The Mexican government did not take such an approach, to the detriment of their citizens. Although the percentage of the population currently COVID-positive in the city of Matamoros is lower than that in the camp, at 1.4%, outcomes for sick people are markedly worse. Public and private hospitals refused to accept people with COVID, resulting in at least 20 people dying in their homes or on streets outside the hospital. Five hospitals that serve a population of 541, 979 people, 7,532 of whom are COVID-positive, only have 111 beds for COVID patients. It is also suspected that the number of COVID-positive people is a gross underestimate due to a myriad of factors, including the lack of testing and contact tracing, and a historic fear of the healthcare system.

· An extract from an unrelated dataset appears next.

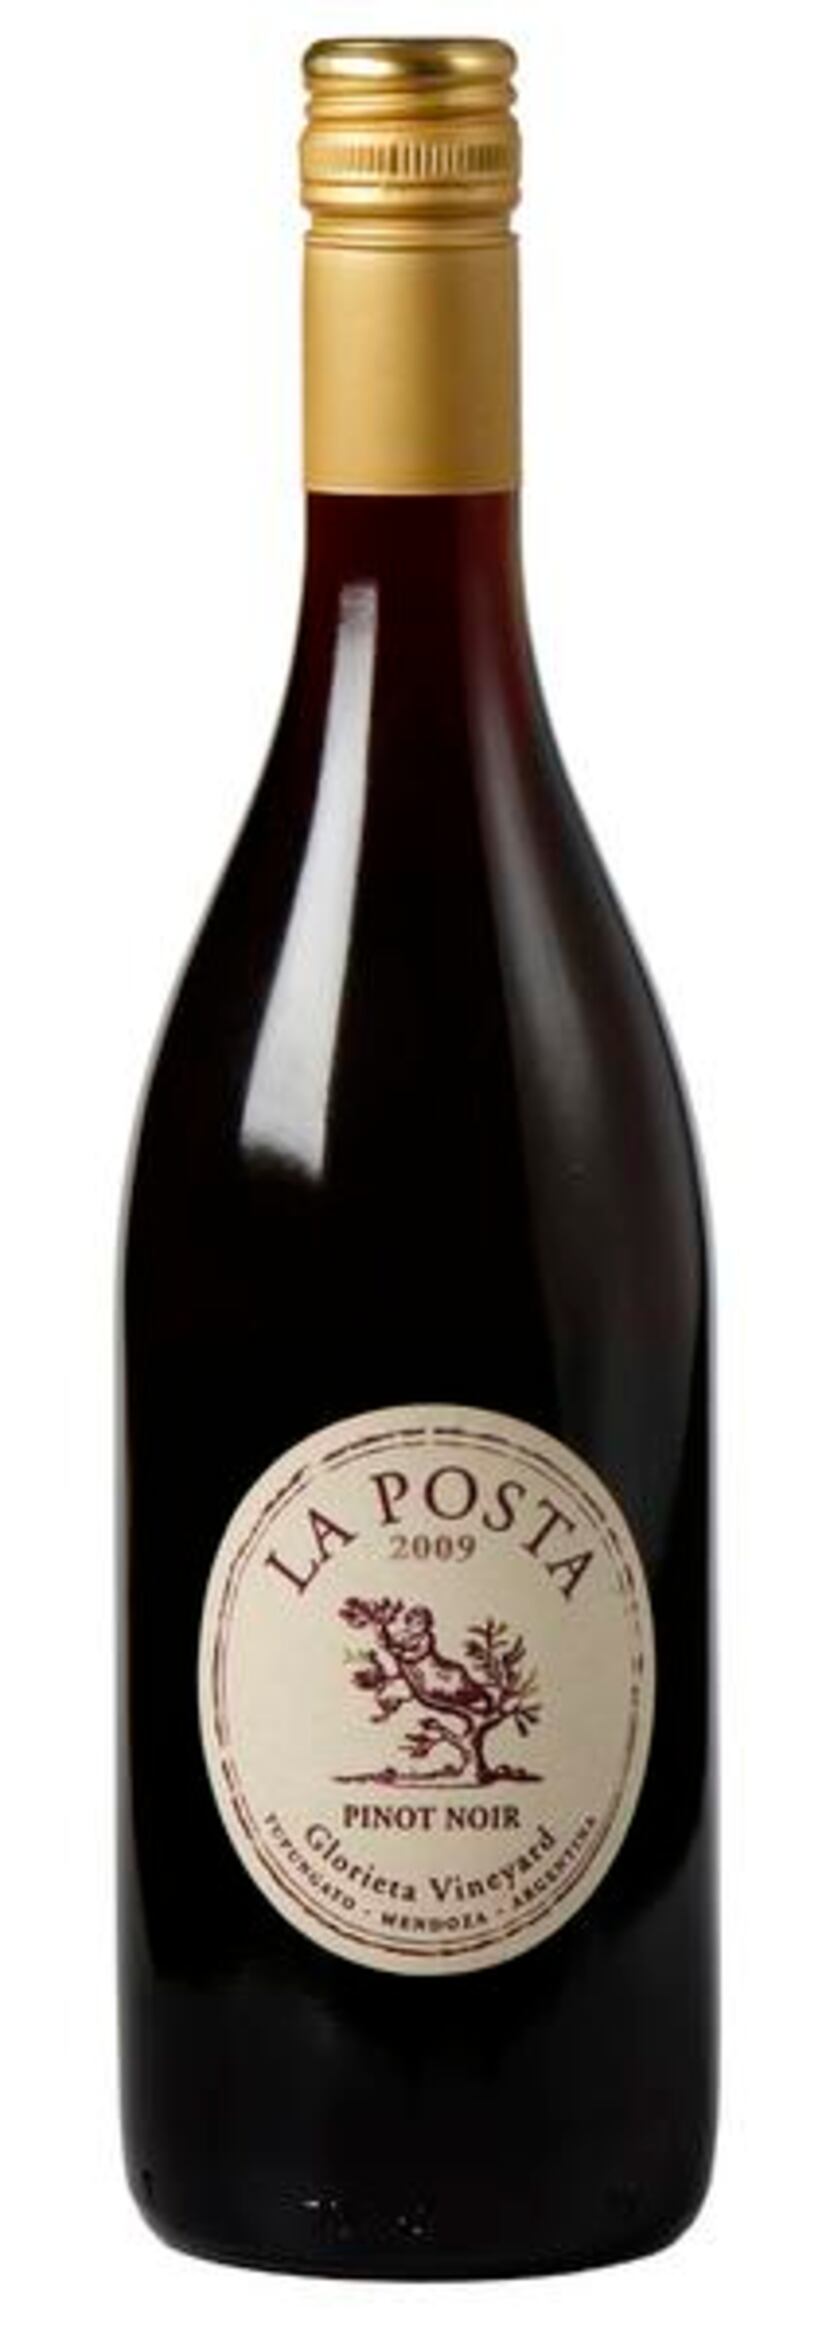 
La Posta Glorieta Vineyard Pinot Noir 2009. This is a fruity, medium-bodied pinot noir with...

Furthermore, there is no free COVID testing in Matamoros outside the refugee camp. Salud Digna, a Mexican clinical laboratory, charges $250 MXN for an antigen test and $950 MXN for a PCR diagnostic test. The average salary in Matamoros is $5,760 MXN a month. One antigen test constitutes 4% of a person’s monthly salary, and a PCR test 16%; a test is therefore beyond the means of a significant portion of the population.
The dire situation in Matamoros is the result of a reactive, rather than proactive, response on the part of the national and local governments. The rollout of a comprehensive plan was seriously hampered by a lack of leadership on the part of President López Obrador, and the Ministry of Health. Once the virus had already arrived in Matamoros, Municipal President Mario López urged citizens to wash their hands with soap and water for 30 seconds, use antibacterial gel with 70% alcohol, cover the nose and mouth, and avoid hugging and kissing. Notably, there were no plans in place to address the imminent healthcare crisis that was already spreading in the city. By placing the burden of mitigating the spread on individual citizens, the state essentially deflected responsibility. Instead of developing infrastructure that would have saved lives to address the public health emergency, the state implemented policies on a piecemeal basis.
To be sure, managing a small, confined refugee population with minimal political issues to address and no economy to worry about is very different than managing a city. However, the responsibility for a community’s well being rests squarely on the shoulders of governing bodies, whether they are in charge of a relatively small camp for migrants or a large city.
Taking a crisis oriented mindset, and centering people’s rights and wellbeing, should be the guiding principle moving forward. After all, the next pandemic is likely right around the corner.
Anna Braverman is a Master’s student at The Fletcher School of Law and Diplomacy specializing in human security and public international law. Previously, she served as a Fulbright scholar to Mexico.